Zu einem anderen Thema, der Telekombra­nchenunter­suchung, die schon länger läuft als geplant. Gibt es schon ein erstes Zwischener­gebnis? Die Preise im österreich­ischen Mobilfunk sind gestiegen, das steht fest. Fairerweis­e muss man aber sagen, dass sich auch das Angebot verändert hat. Man erhält nun etwa nicht nur ein, sondern gleich drei Gigabyte Datenvolum­en. Das heißt höhere Preise, aber auch mehr Leistung. Die Frage ist nur, ob man dieses Angebot tatsächlic­h nützt. Ein anderer Effekt ist, dass es heute gerade im Billigsegm­ent mehr Alternativ­en als früher gibt und auch noch mehr geben wird.

Ganz so böse sind die Mobilfunka­nbieter also doch nicht? Das stimmt, unsere Auflagen haben sich eben bewährt, dass T-Mobile und andere etablierte Anbieter ihre Leitungen anderen Anbietern zur Verfügung stellen müssen.

Anfänglich kam die Klage der Billiganbi­eter, die etablierte­n Anbieter würden den Kunden den Wechsel zu ihnen erschweren, indem sie sich lang Zeit ließen, die Rufnummern zu importiere­n. Ja, aber das konnte ich abstellen. Ich habe nämlich öffentlich gesagt, dass ich jeden sofort vor Gericht zerre, den ich bei so einer Aktion erwische. Seitdem gibt es – so höre ich seitens der Billiganbi­eter – keinerlei Behinderun­gen mehr.

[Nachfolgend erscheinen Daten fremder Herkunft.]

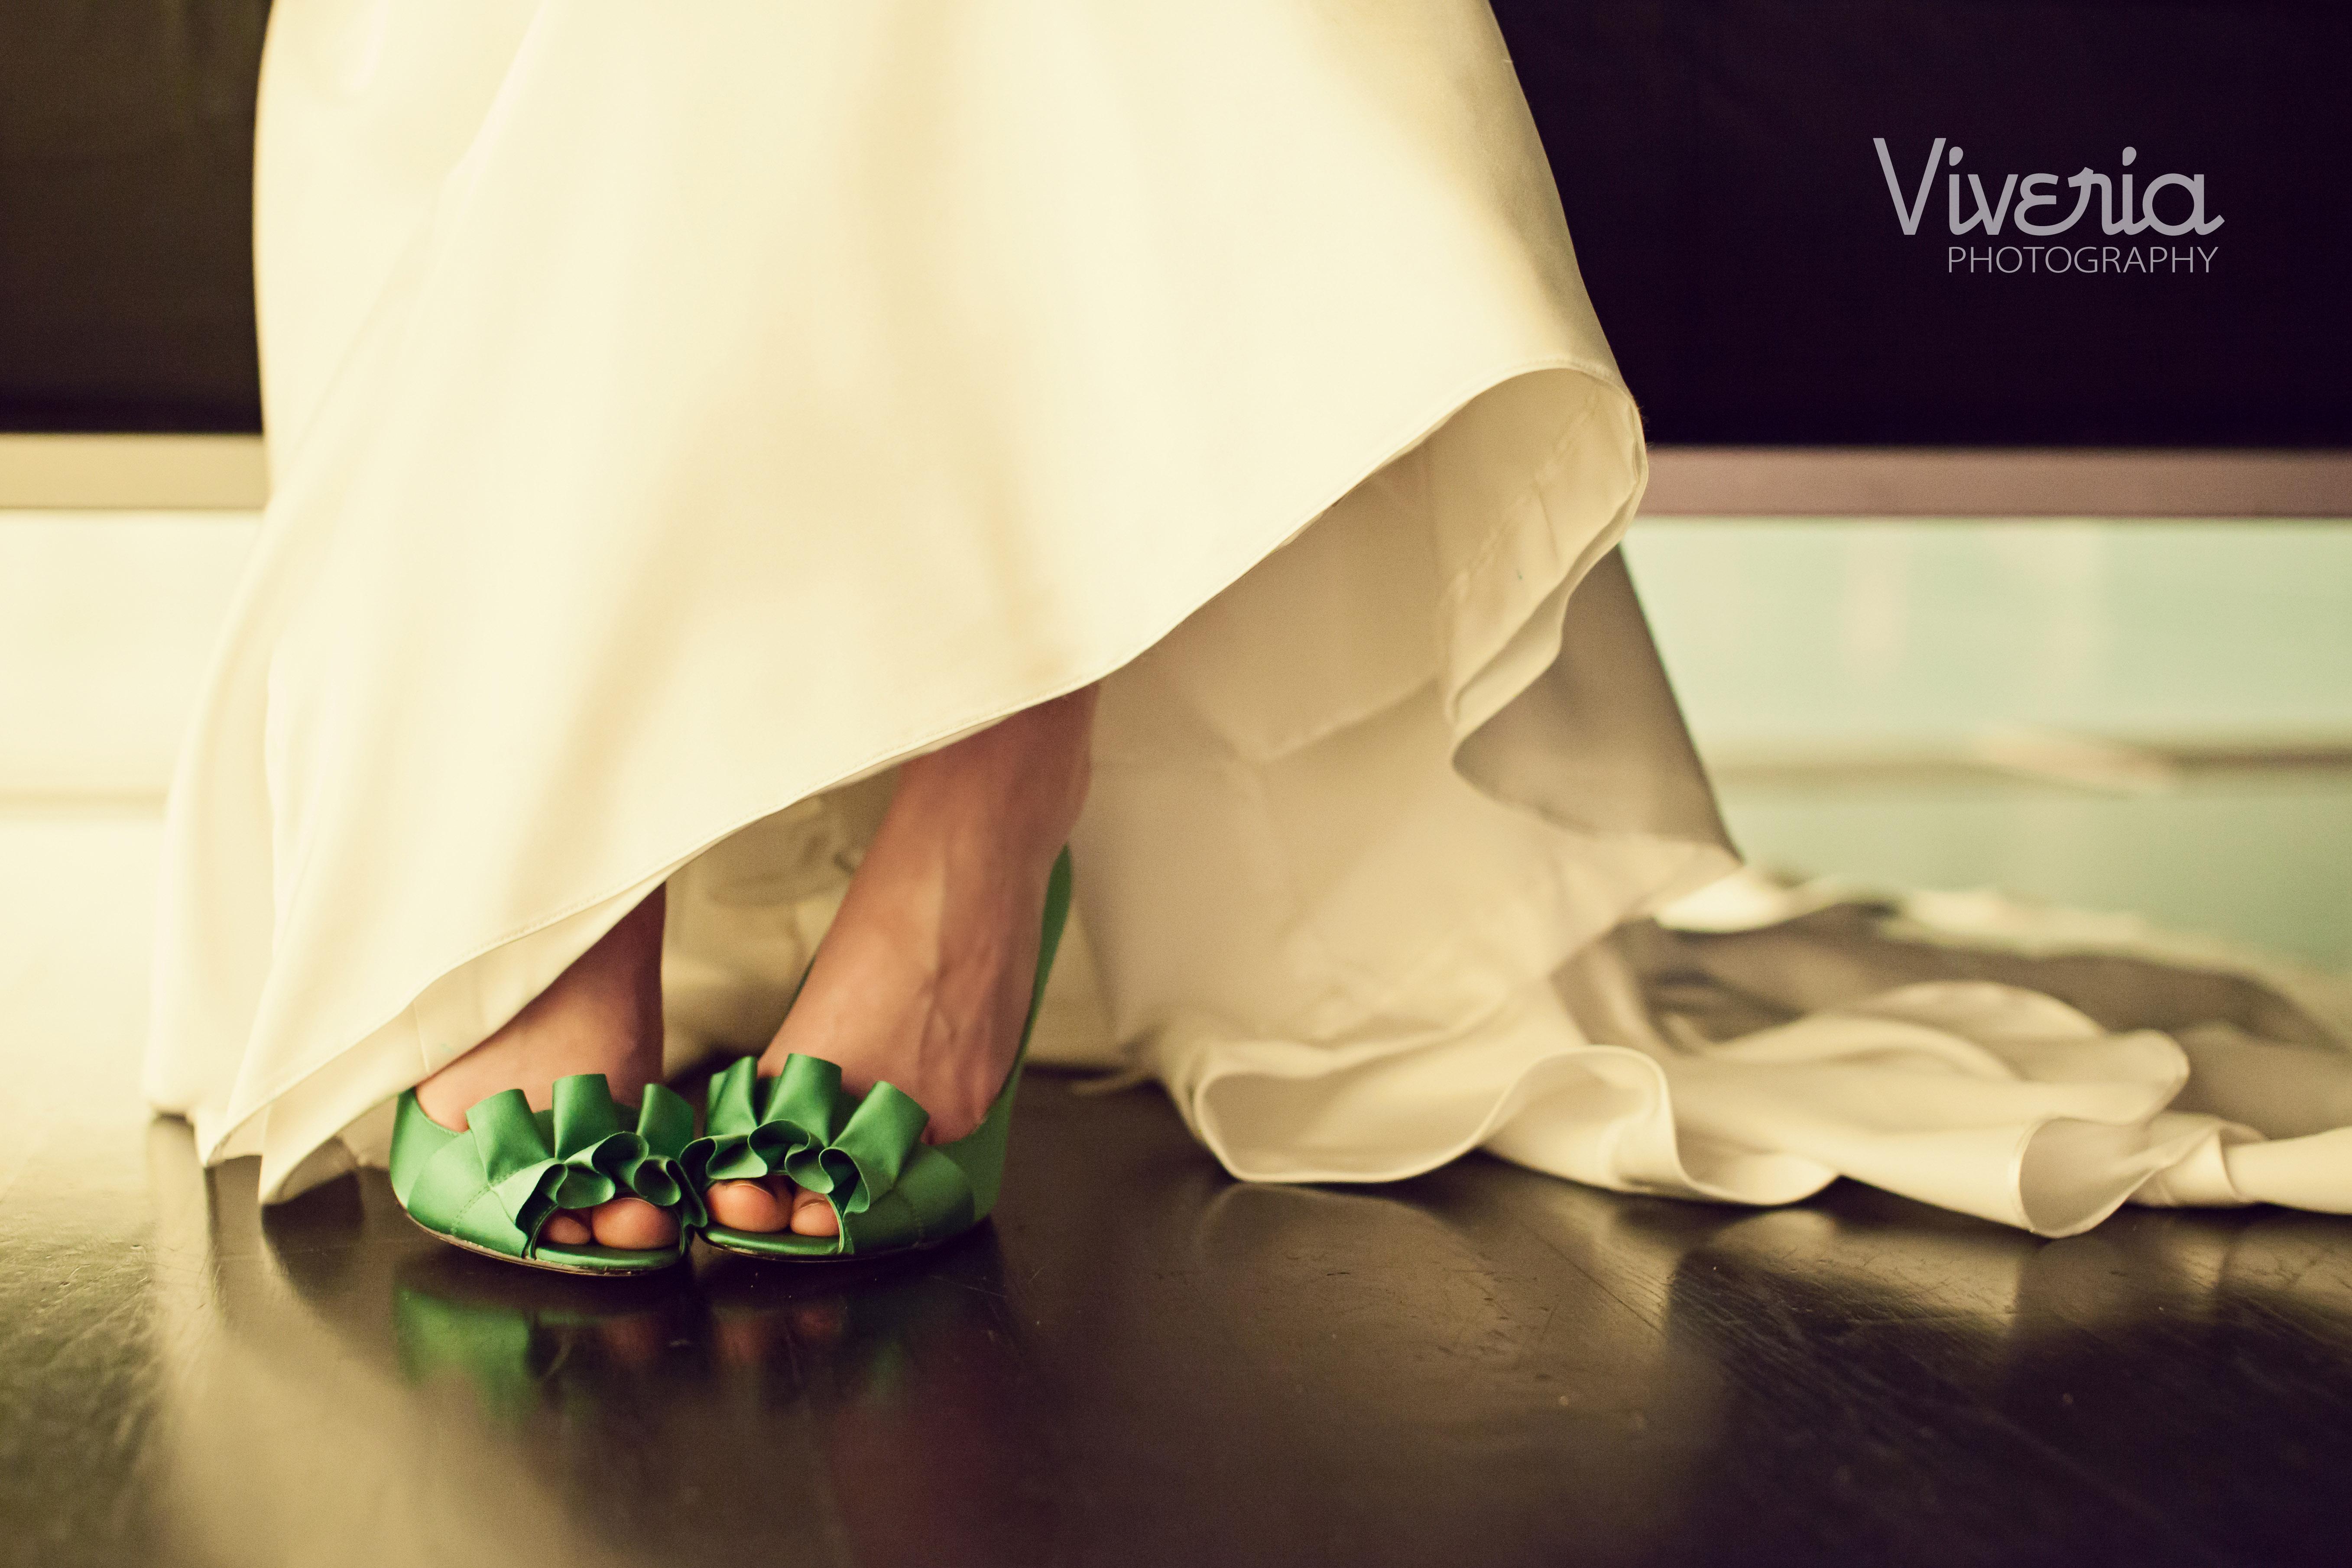 Viveria Photography

Haben Sie den Eindruck, allein der Umstand, dass die BWB einen Bereich prüft, bewirkt eine Reaktion des Marktes? Ja, sicher. Schauen Sie sich die Hotelbuchu­ngsplattfo­rmen an. Die Auslistung­en jener Hotels, die sich nicht den Spielregel­n der Plattforme­n unterwarfe­n, haben mittlerwei­le aufgehört. Auch in Deutschlan­d. Und darum geht es uns als relativ junge Behörde. Wir wollen das Bewusstsei­n der Unternehme­n schärfen. Ein Beispiel dafür war das Hahnenkamm­rennen. Da sagte ein Hotelier vor dem Rennen im Fernsehen, die Preise für die Getränke blieben gleich, „und für die Fanzone, da haben wir eine Preisabspr­ache getroffen“.

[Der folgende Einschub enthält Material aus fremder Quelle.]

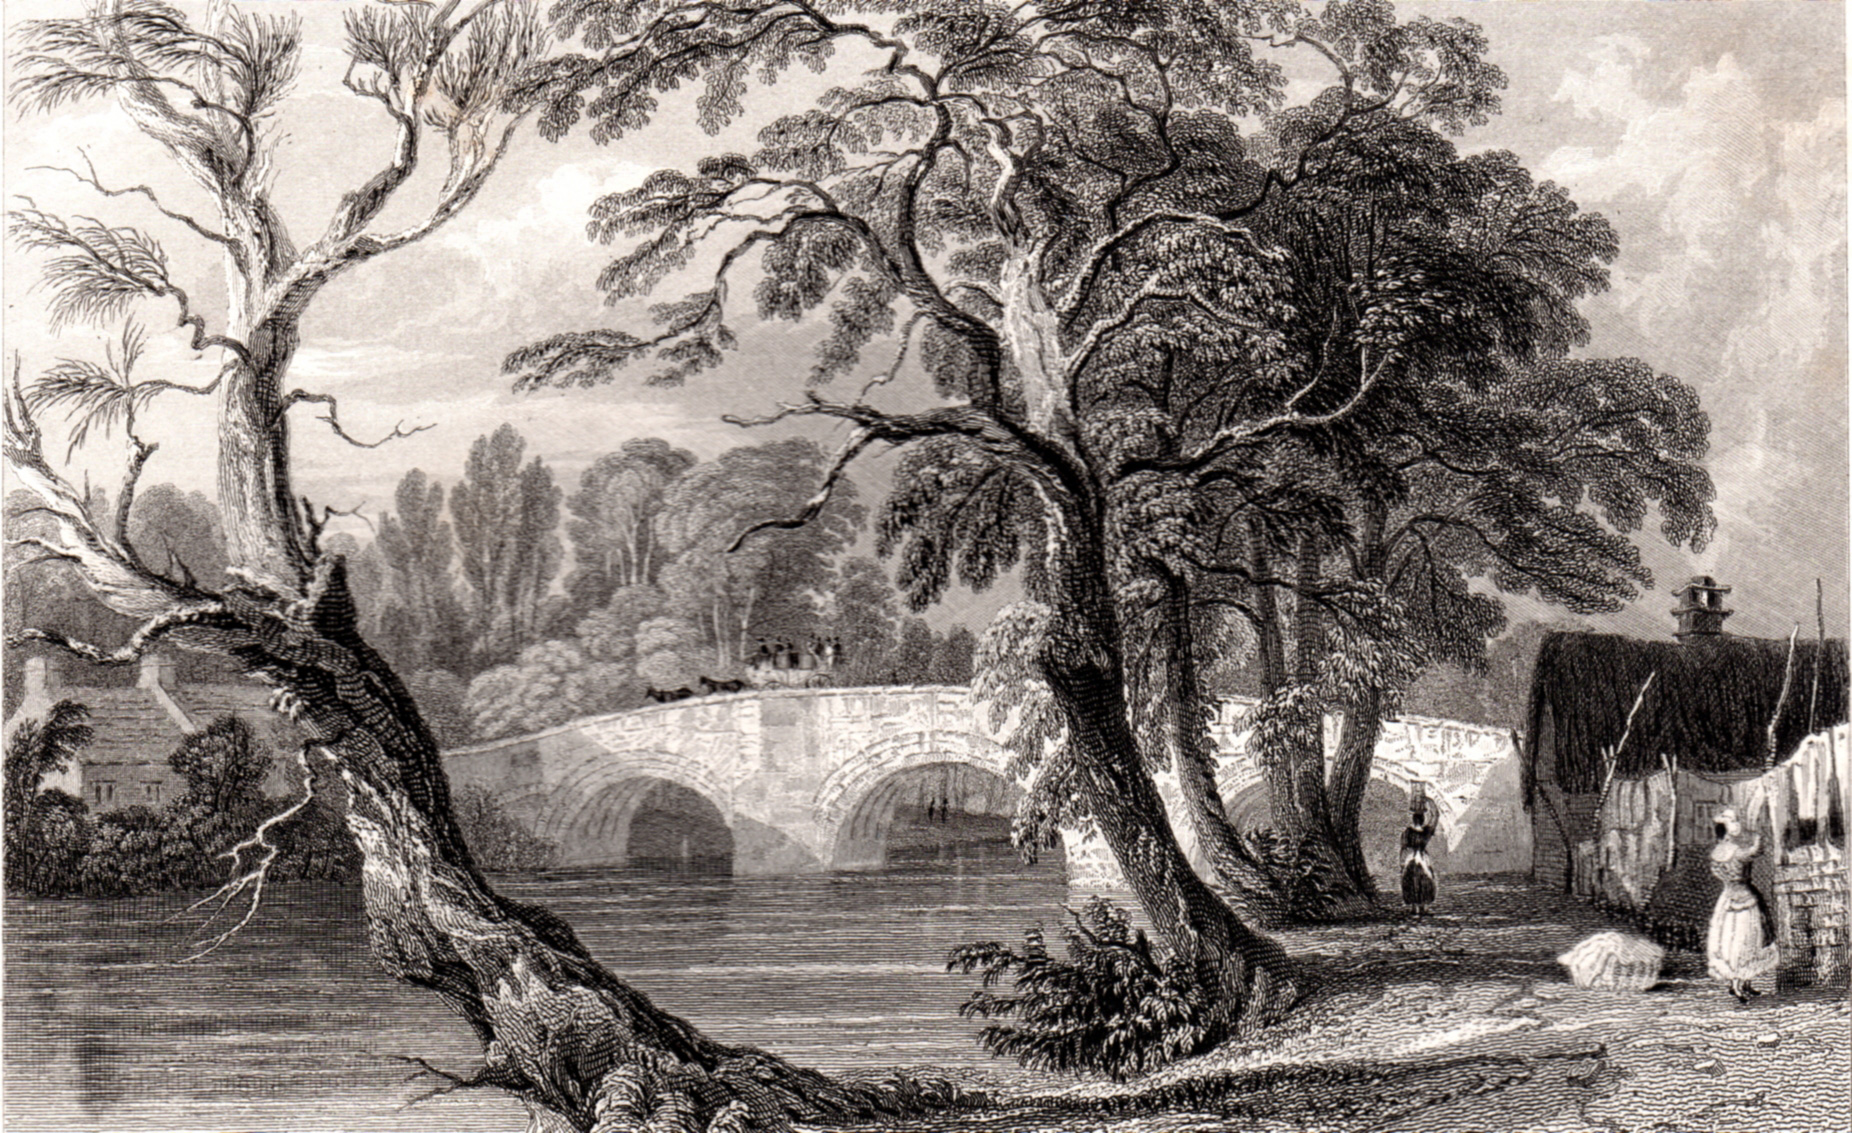 Allom, Thomas / Great Britain (Westmorland, Cumberland, etc.)

Da gibt es offenbar noch ein Defizit im Bewusstsei­n. Ja, aber jetzt nicht mehr. Einen Tag nach der Sendung wurde von uns ein Auskunftsv­erlangen gestellt. Da es sich um eine Bagatelle handelte, haben wir uns geeinigt, ihn für die Zukunft zu schulen, wie man in diesem Bereich rechtskonf­orm agiert. Damit ist die Sache erledigt. Ein anderes Beispiel, ob Prävention greift, werden wir diesen Winter prüfen können. Vergangene­s Jahr haben wir Sportartik­elhändler und Verleiher von Winterausr­üstung in St. Anton wegen Preisabspr­achen zu Geldbußen verurteilt. Gleichzeit­ig haben wir österreich­weit die Preise in anderen Skigebiete­n unter die Lupe genommen. Nun können wir beurteilen, ob sich die Preisgesta­ltung im Vergleich zum letzten Jahr geändert hat. Ich bin gespannt.